Let’s Get It! 😃
Today we’re going to be focused on our abs and lower body. All you’ll need is a mat, some open space and you body weight! Each exercise will be on for 30 seconds, with 15 seconds of rest. We’re doing 3 rounds of:
1. Squat To Calf Raise
This one is pretty simple, just complete a body weight squat. Add in a calf raise by extending further upwards onto your toes, and a reach to the sky.
If any part of that is too difficult, try just the squat or use a broom handle to add stability.

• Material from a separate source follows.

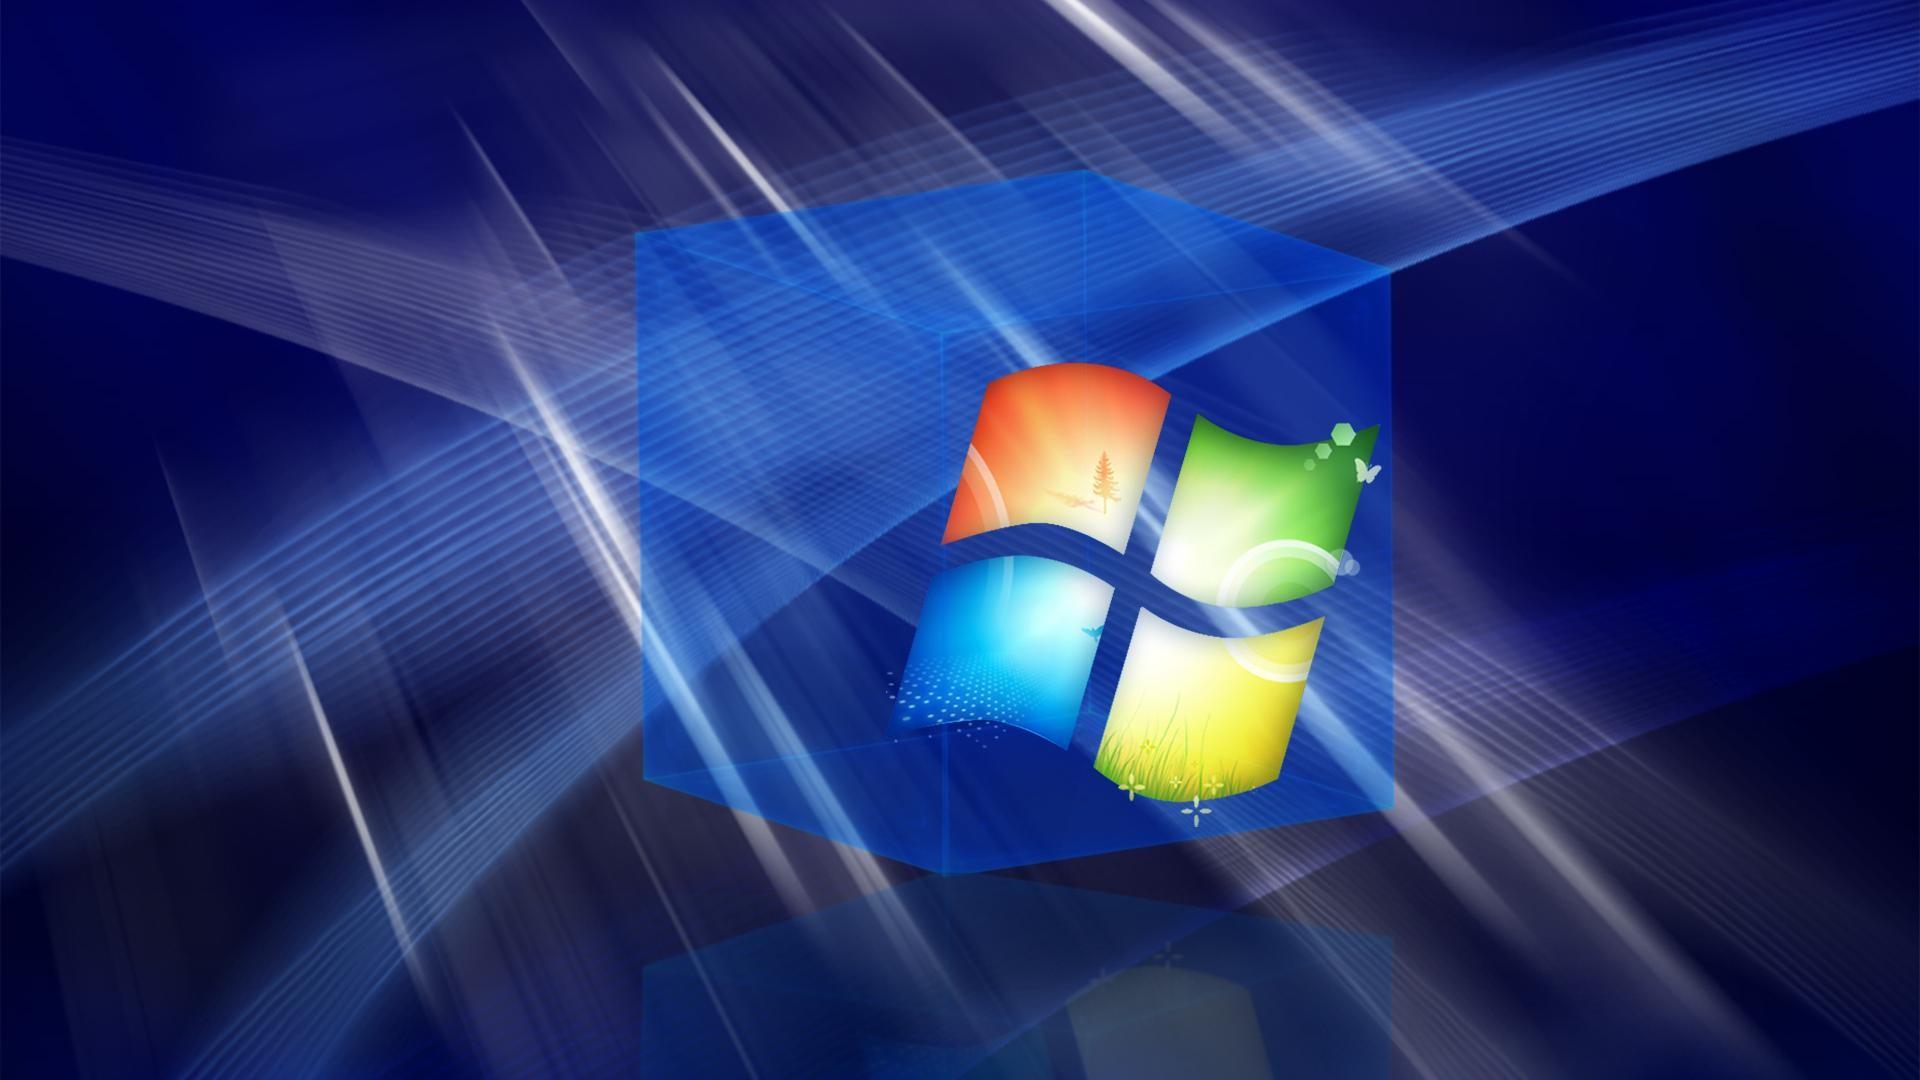 hd 3d wallpapers 1080p widescreen windows 7 (1) – HD Beautiful Desktop .

2. Reverse Plank With Walk Out
Start in a reverse plank, which is facing upwards on your feet and hands. Knees are bent to create a stable position. One foot at a time, step out so your heel is on the ground, then step each foot back in.

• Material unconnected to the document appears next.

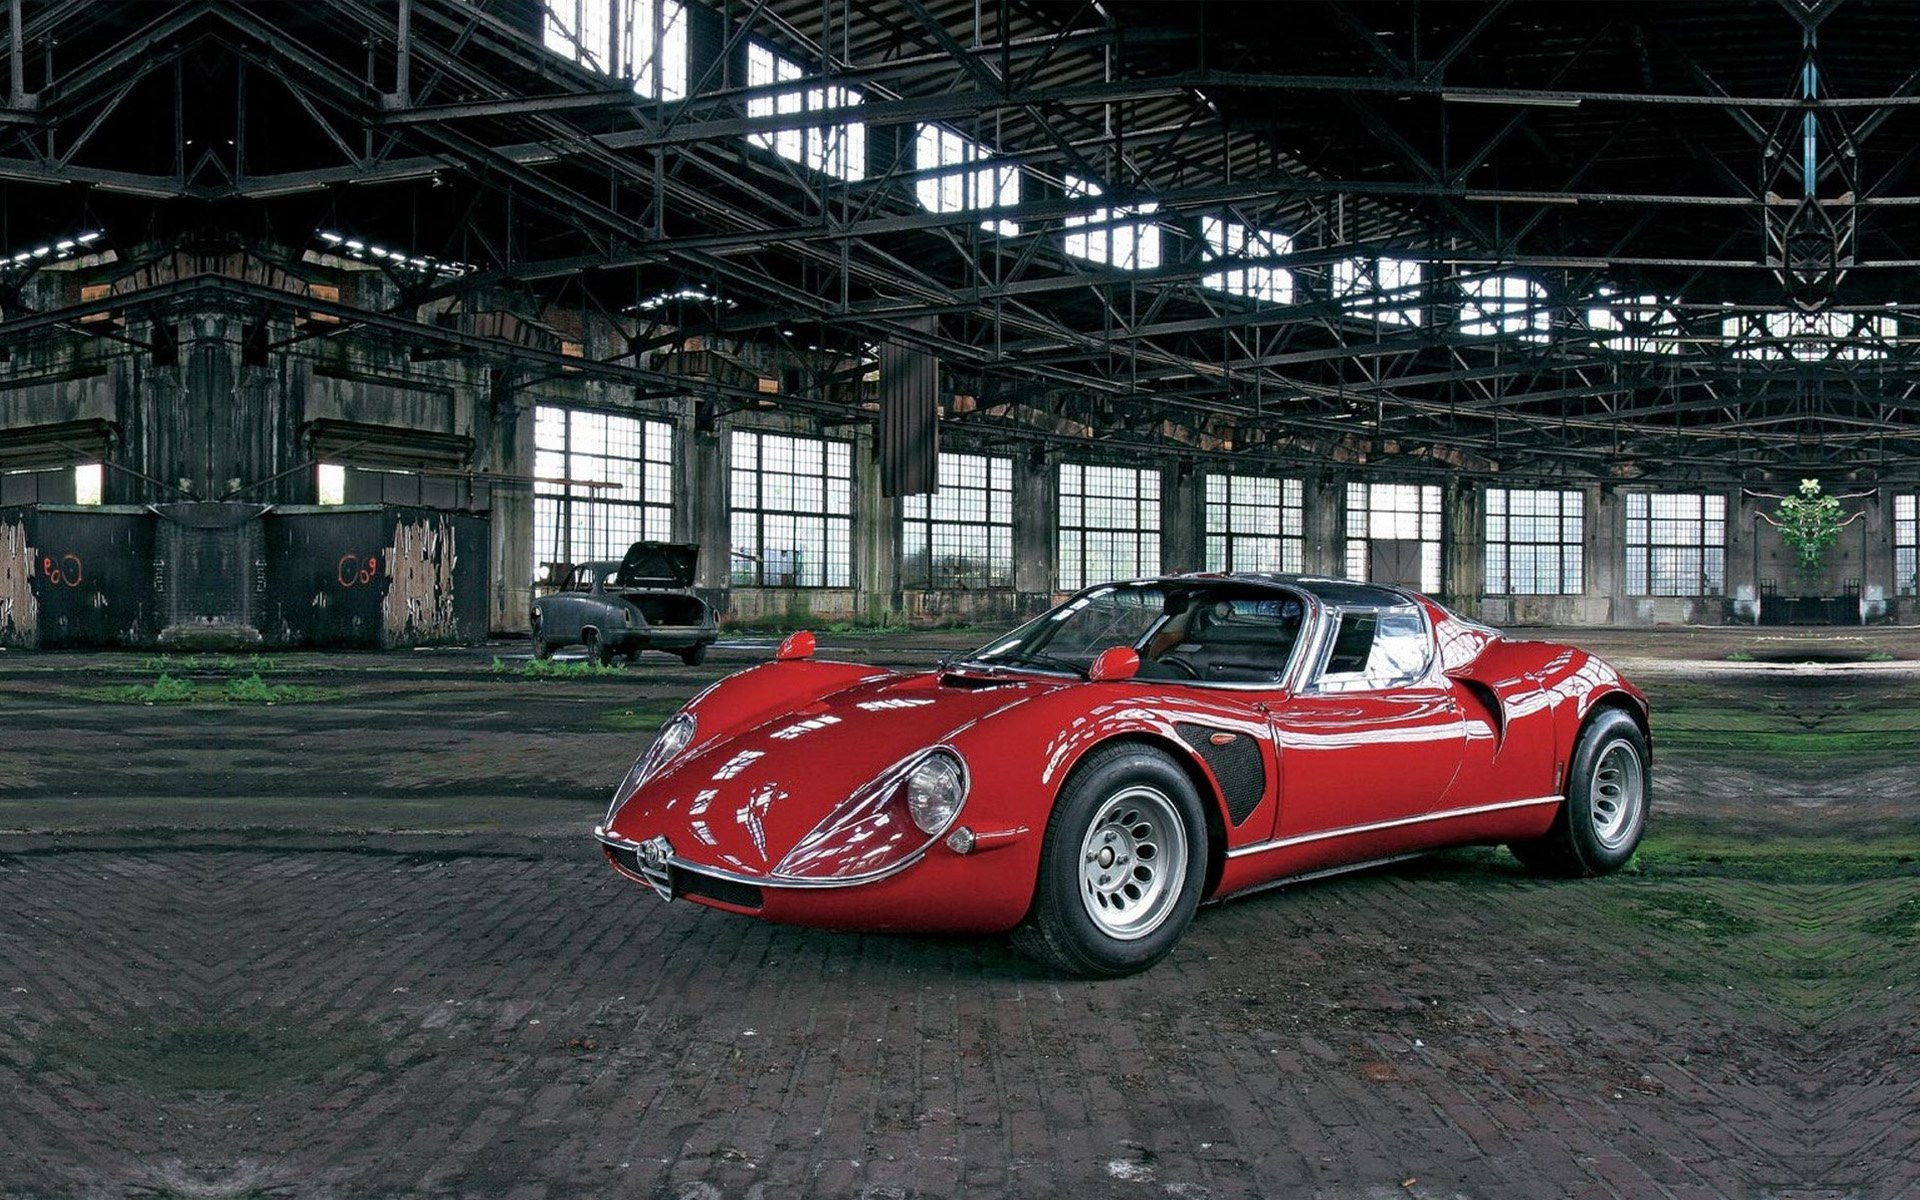 Afra sas  Alfa Romeo spare parts for classic and

For a regression, try laying on your back and flutter kicking your feet while elevated about 6″ off the ground.
3. Forearm Pushup With Plank Leg Lift
Start in a plank with your forearms on the ground, toes as well. The first movement is pushing your butt up in the air, for the forearm pushup. Once you’re back to center, raise each leg at a time upwards from the plank position.
For a simpler version, try just a plank with the upwards leg raise.
4. Jack Heel Tap With Side Tap
This one is similar to a jumping jack, but no jumping! Just squat down and touch your heels, and while extending upwards bring one foot out laterally. Switch feet between reps.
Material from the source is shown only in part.